Both research and experiments show that heterostructure materials have the effect of simultaneously increasing the toughness of metal materials. The material with the harmonic structure (the distribution of alloy elements and tissues shows harmonic distribution characteristics) is used as a special heterostructure material, and has the effect of increasing the toughness of metal. The strength of the harmonic TC4 titanium alloy (Ti-6 Al-4V) was increased from 1050 MPa to 1431 MPa of the conventional structure TC4 and maintained an elongation of 4.5%, as prepared by powder metallurgy techniques. Metallic Mo element, which is a typical beta-stability element of titanium alloy, is often added to titanium alloys to adjust the microstructure and mechanical properties of the titanium alloy. Mo element is added to 40% of the high-strength titanium alloy mainly used at present. However, most titanium alloys have significantly reduced ductility and toughness after increased strength. The strength of the Ti-Mo binary alloy reported at present is rarely more than 800 MPa, and the elongation after fracture is not more than 10 percent, namely the strength is improved at the cost of plastic toughness. At present, the research on the high-strength high-toughness titanium alloy is still an important content and direction of the development of the titanium alloy, and has important social significance and economic value for the long-term safe service of the titanium alloy and the expansion of the application field of the titanium alloy.
Disclosure of Invention
The invention takes a Ti-Mo alloy system as an object, and adopts a powder metallurgy combined heat treatment method to obtain the Ti-Mo alloy system with ultrahigh strength and good toughness by designing and controlling the content of metallic element Mo in the alloy system.
Object of the Invention
The invention aims to provide a Ti-Mo alloy structural material with ultrahigh strength and good toughness, and the components of the Ti-Mo alloy structural material can be expressed by the following formula: aTi-bMo. Wherein the Ti and Mo content (wt.%) varies in the range: a: 80-95 percent; b: 5-20, and the balance of unavoidable impurities contained in raw materials, wherein elements and tissues of the unavoidable impurities show harmonic distribution.

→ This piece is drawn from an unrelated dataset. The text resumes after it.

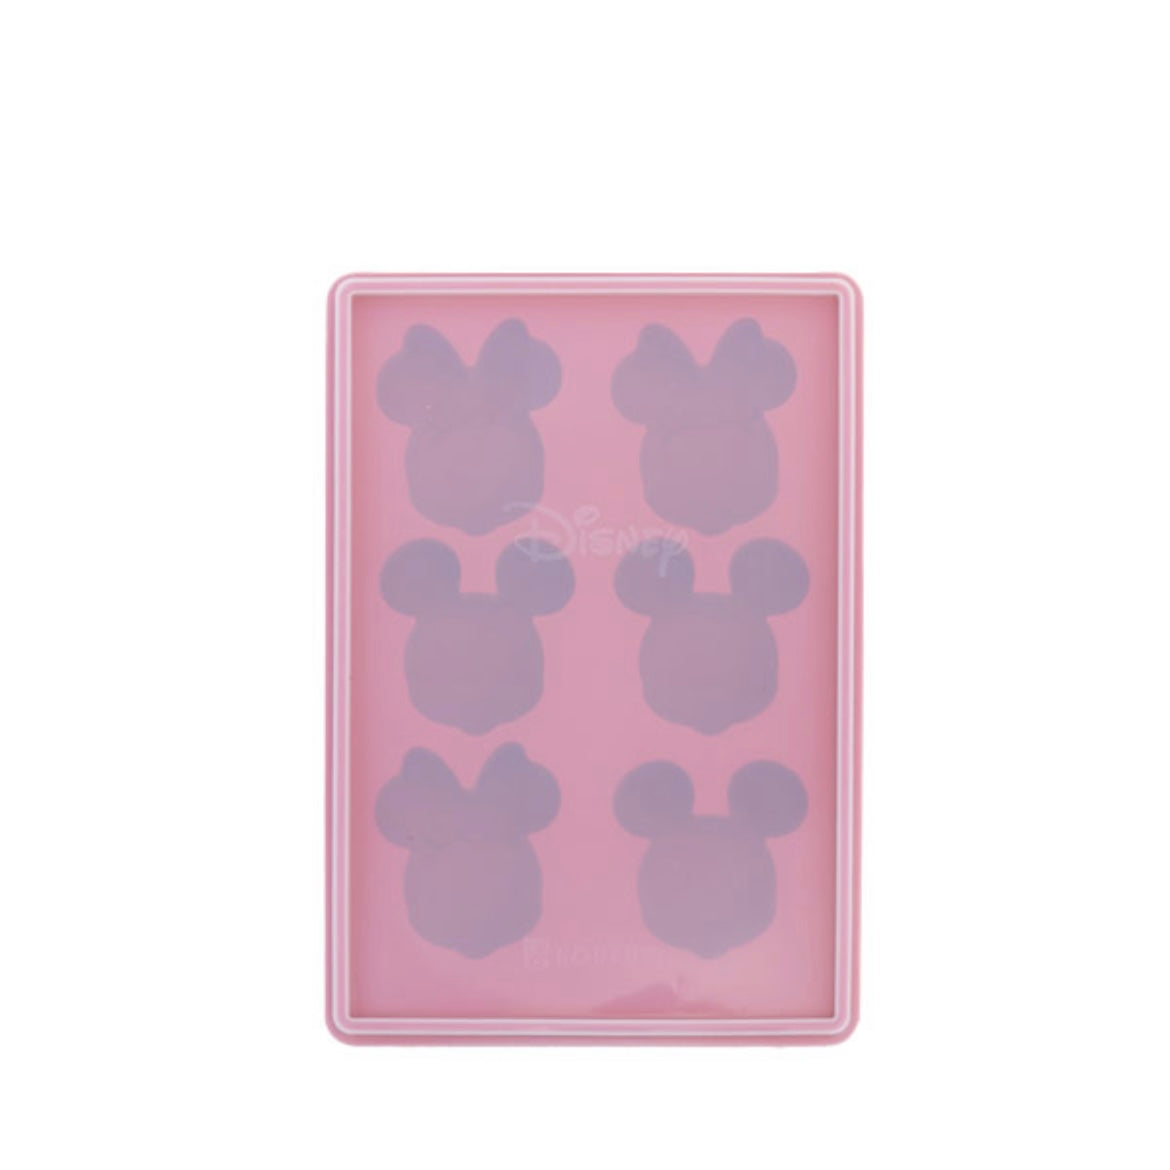 台灣 矽膠製冰盒 Pool / Mickey & Minnie

The invention aims at realizing the following scheme:
The method for preparing the alloy by adopting powder metallurgy combined heat treatment comprises the following steps: the high purity Ti powder (99.99 wt%) and Mo powder (99.5 wt%) are mixed thoroughly according to a certain proportion. The uniformly mixed powder is pre-pressed on a 30 ton cold press for 5 minutes to form a blank, and then transferred to a vacuum hot pressing device for hot pressing sintering, wherein the hot pressing process is 850 ℃,60 MPa and the pressure maintaining time is 3 minutes. And hot-pressing to obtain a sintered cylinder. The sintered body cylinder was subjected to a thermal diffusion treatment in an argon atmosphere at 900 ℃ for 8 hours. Finally, aging treatment is carried out at 500 ℃ for 4 hours. All previous operations were performed under vacuum or under argon. And (3) peeling and surface grinding the surface of the annealed/aged alloy sample to obtain a Ti-Mo alloy sample with a harmonic structure. And detecting the mechanical properties of the alloy. The room temperature mechanical properties of the alloy of the invention are: tensile strength R m: 1000-1400 MPa, yield strength R r0.2: 850-1100 MPa, elongation A: 5-10%, strong plastic product U T: 6000 to 12000 MPa percent.
The room temperature uniaxial tensile test was performed on a tensile tester at the tensile rate of: 5X 10 -4s-1. And the length change of the sample during the stretching process is tracked and measured by an extensometer.
The invention discloses the following technical effects:
The experimental conditions required in the preparation process of the invention are convenient, and the preparation method can be obtained by a traditional powder metallurgy combined heat treatment method. The elements and the structures of the alloy prepared by the invention are distributed in harmonic, and the mechanical properties of the alloy can be controlled by adjusting the content of alpha and beta phases and the microstructure distribution. The prepared alloy has ultrahigh strength and good toughness.
Drawings
FIG. 1 is a schematic representation of an alloy tensile specimen of the present invention.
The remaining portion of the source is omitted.